[DATA BLOCK]
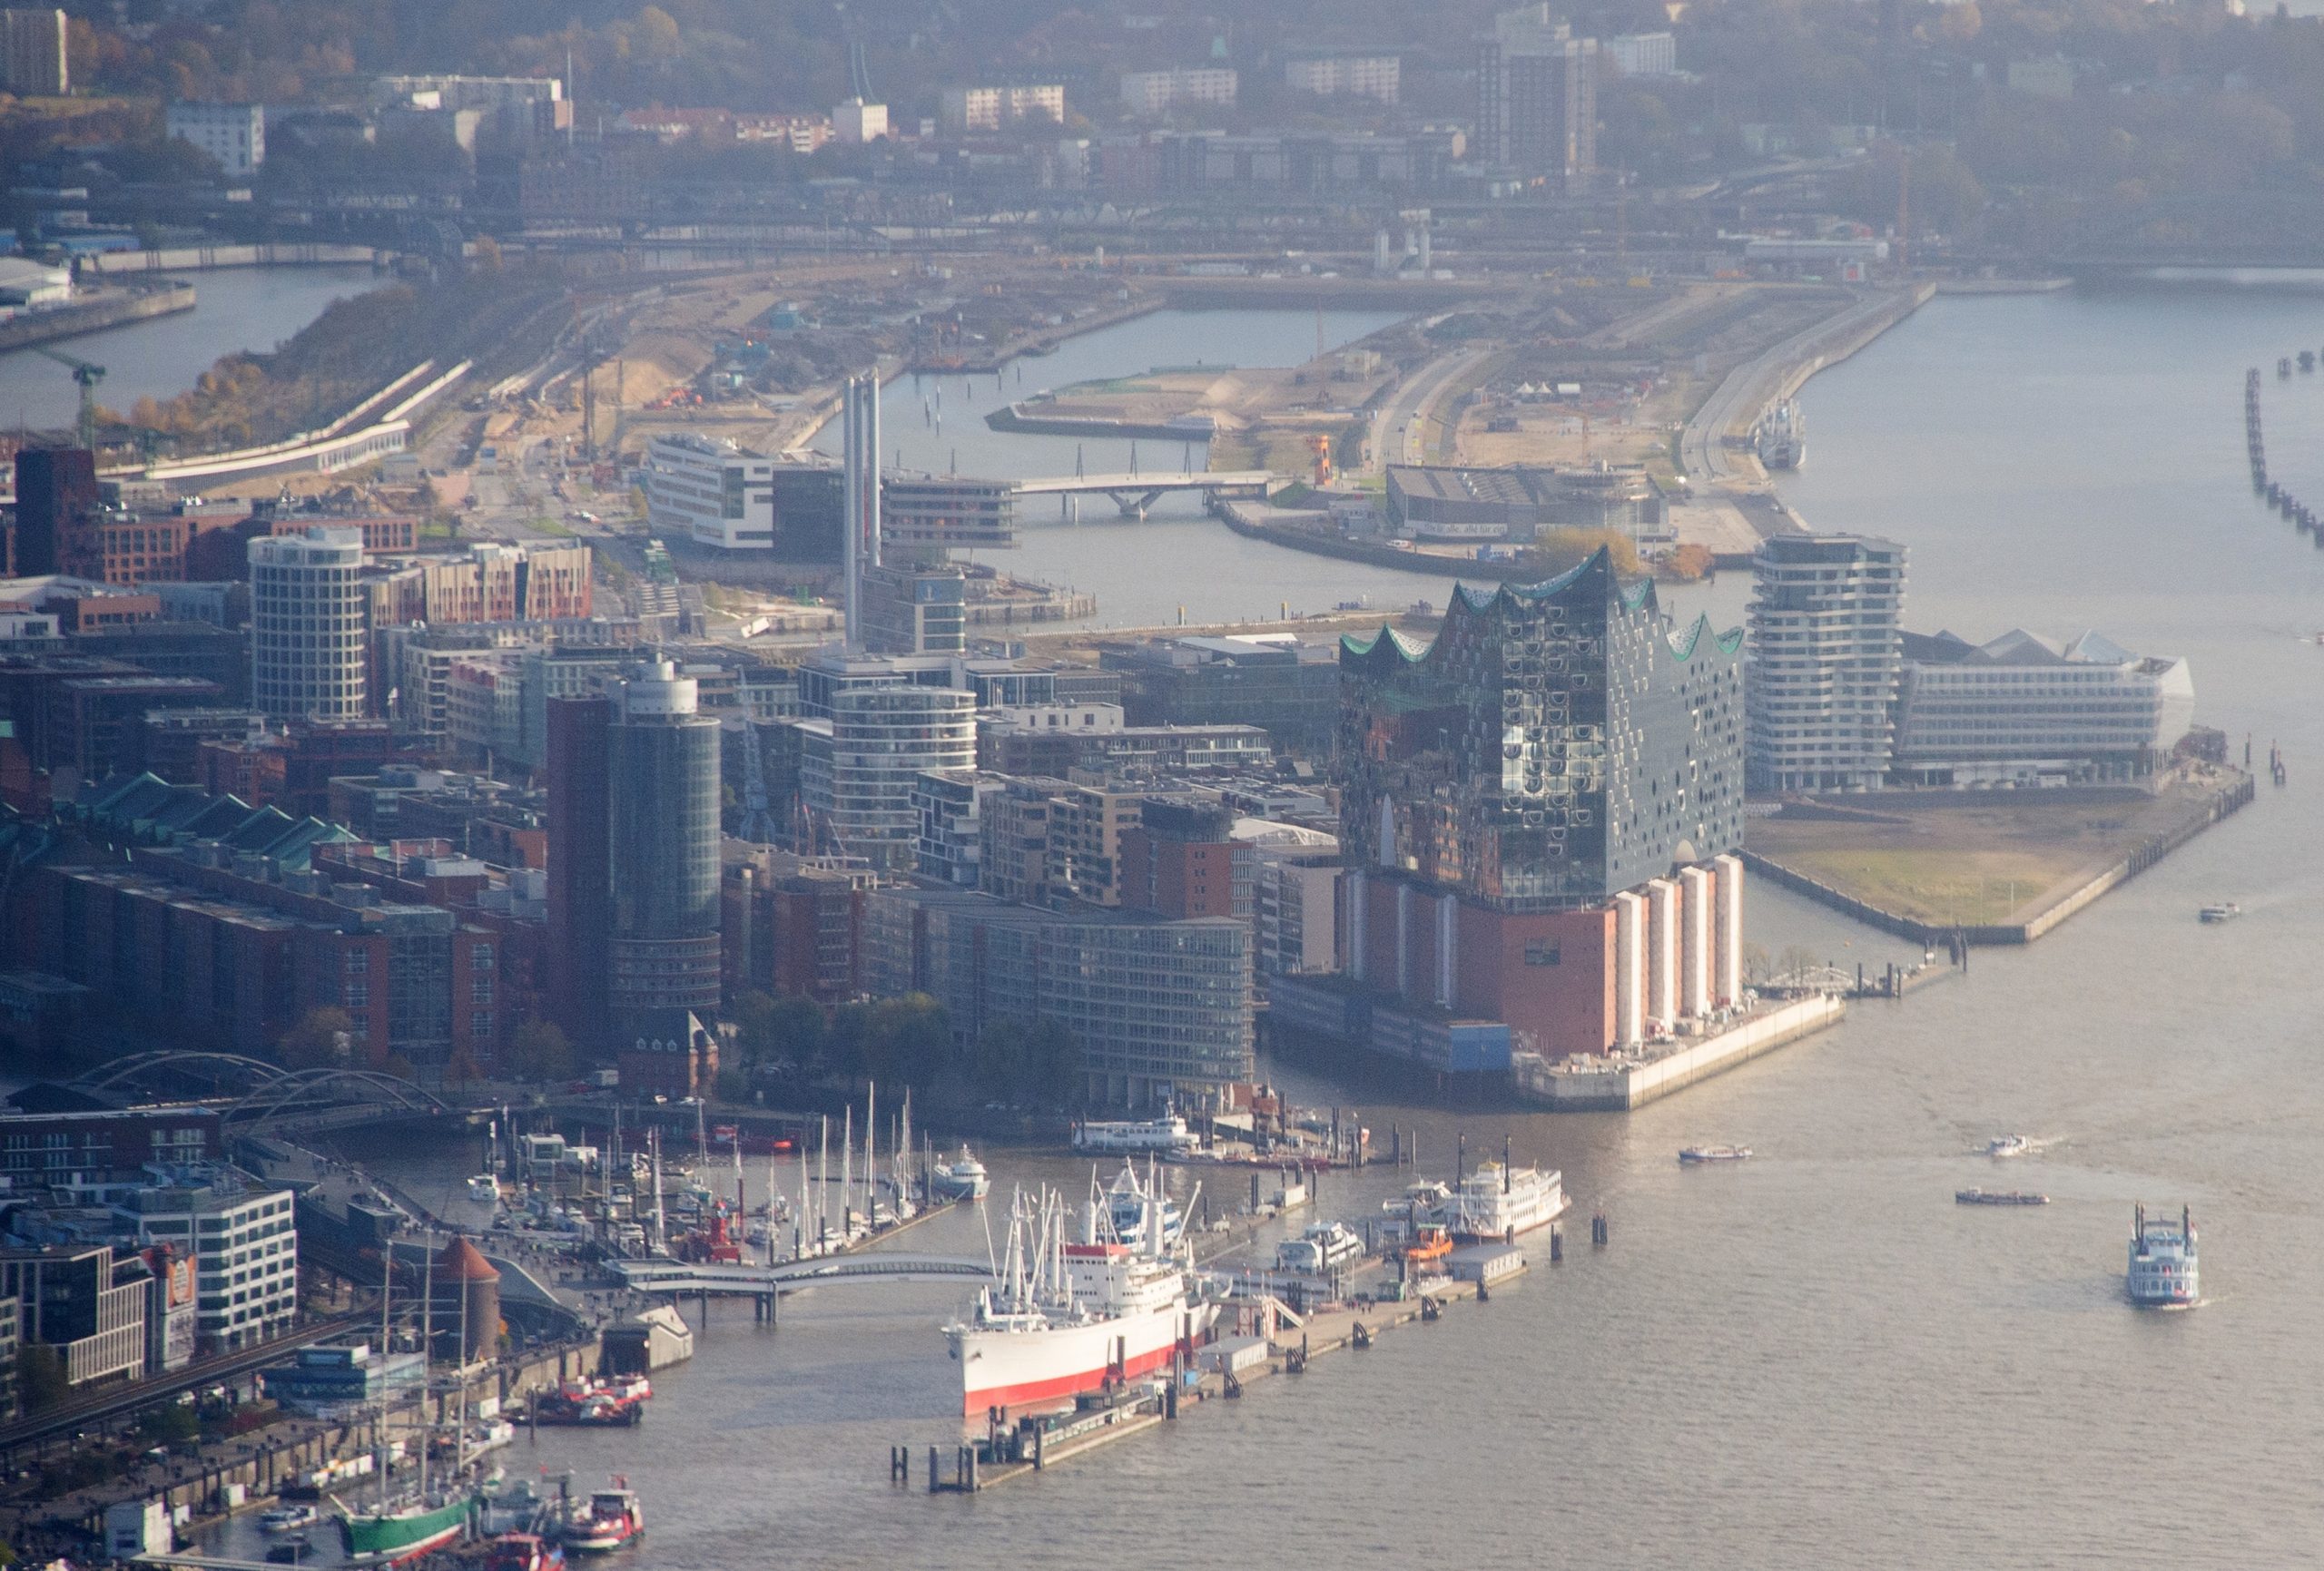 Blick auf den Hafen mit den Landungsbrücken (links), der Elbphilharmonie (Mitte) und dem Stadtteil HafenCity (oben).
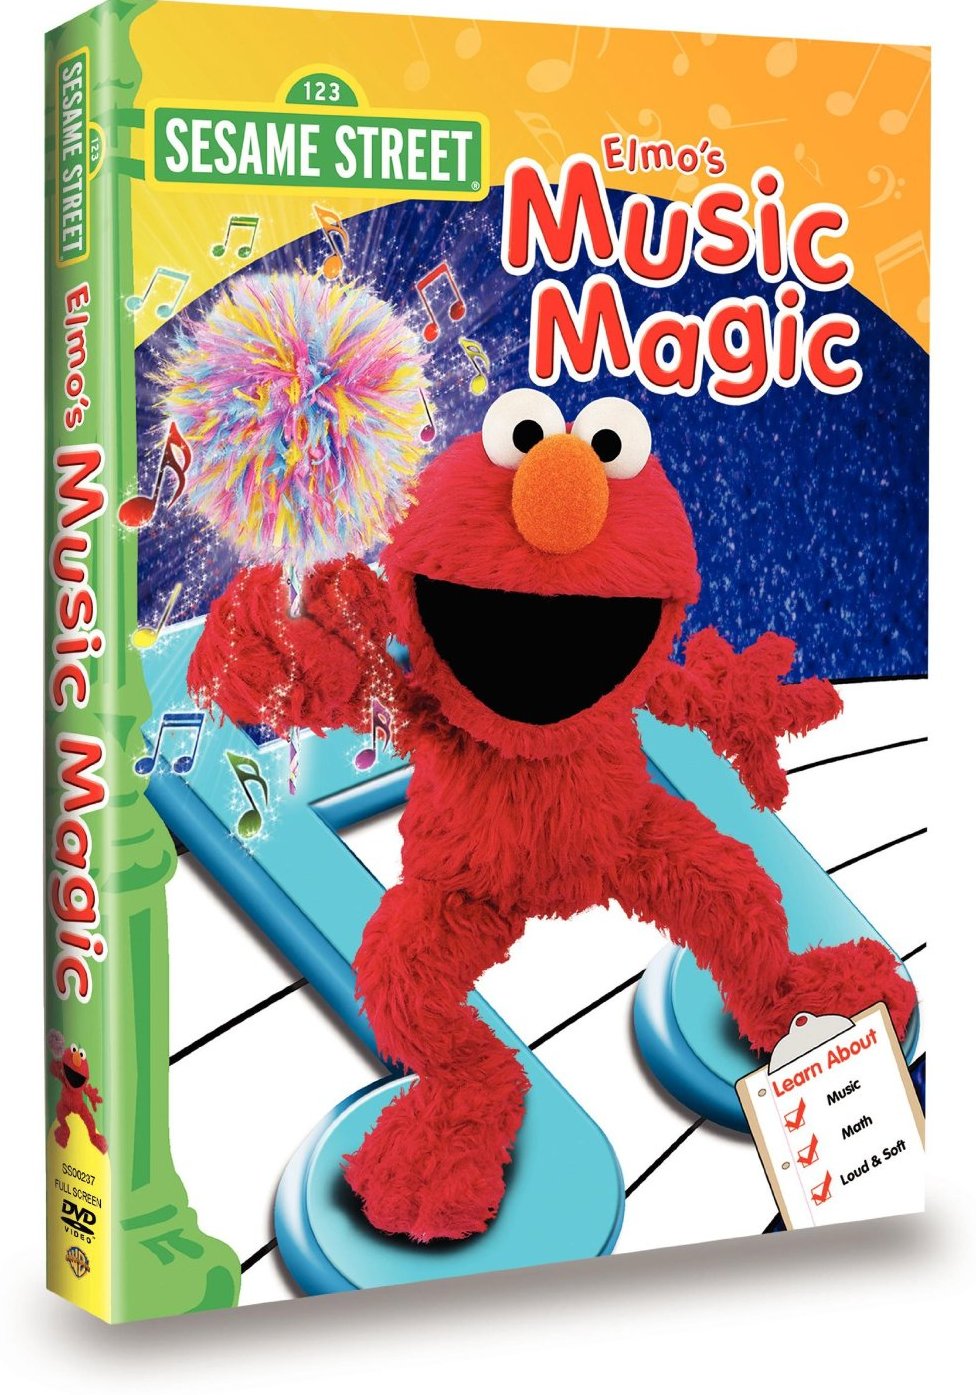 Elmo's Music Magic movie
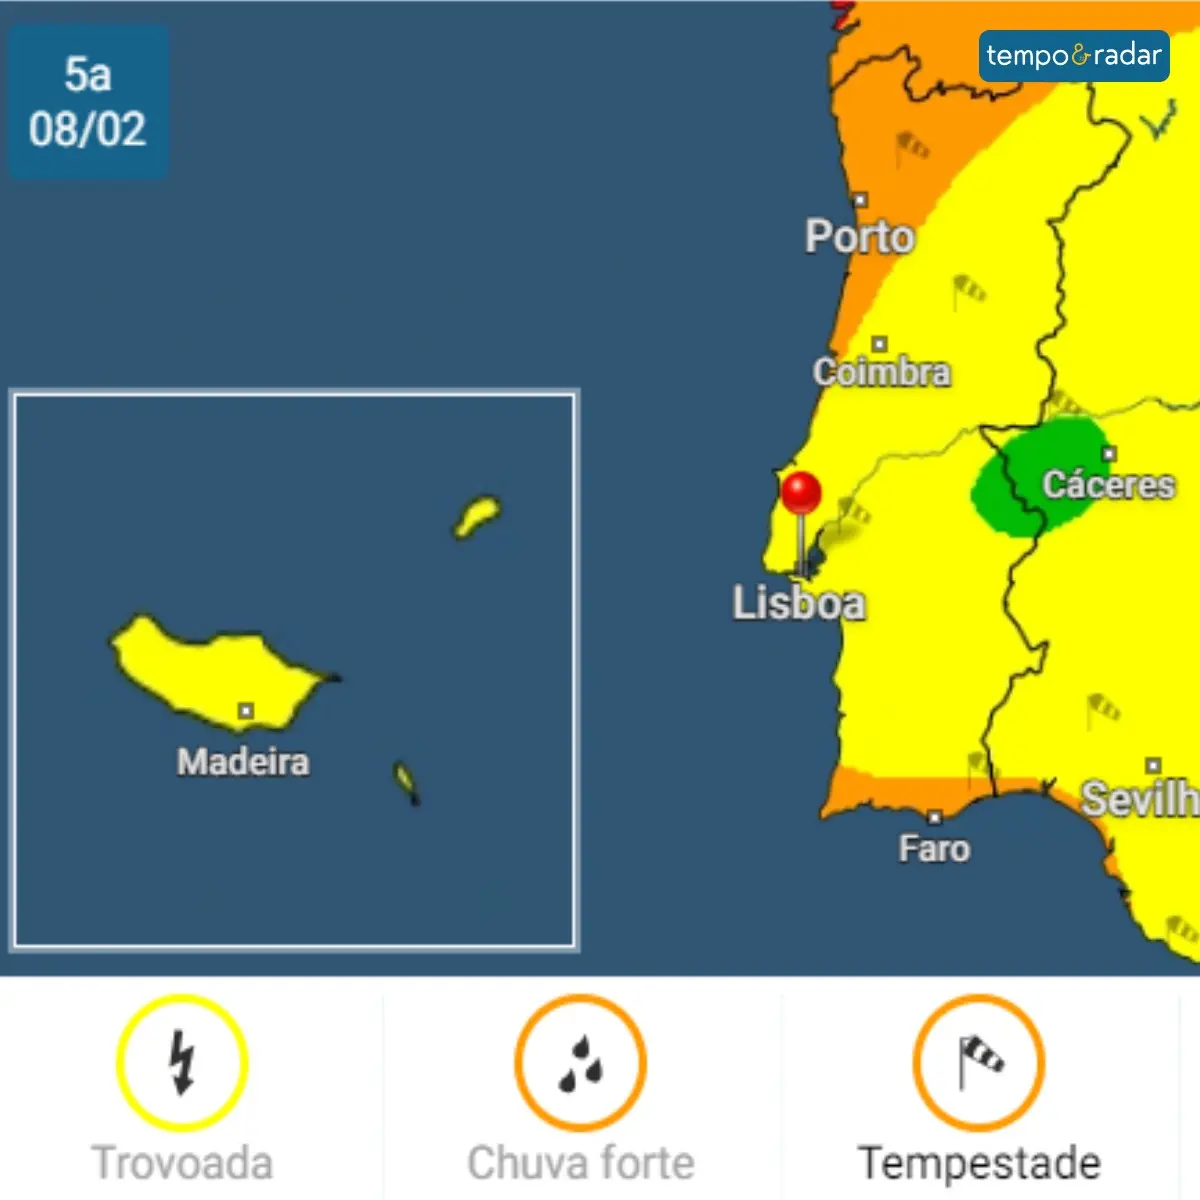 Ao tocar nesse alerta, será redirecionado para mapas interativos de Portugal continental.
[/DATA BLOCK]
**WHAT TO WORK ON**
All of the material above is to be copied exactly, with no pictures.

**EXPECTED ANSWER**
 Blick auf den Hafen mit den Landungsbrücken (links), der Elbphilharmonie (Mitte) und dem Stadtteil HafenCity (oben).
 Elmo's Music Magic movie
 Ao tocar nesse alerta, será redirecionado para mapas interativos de Portugal continental.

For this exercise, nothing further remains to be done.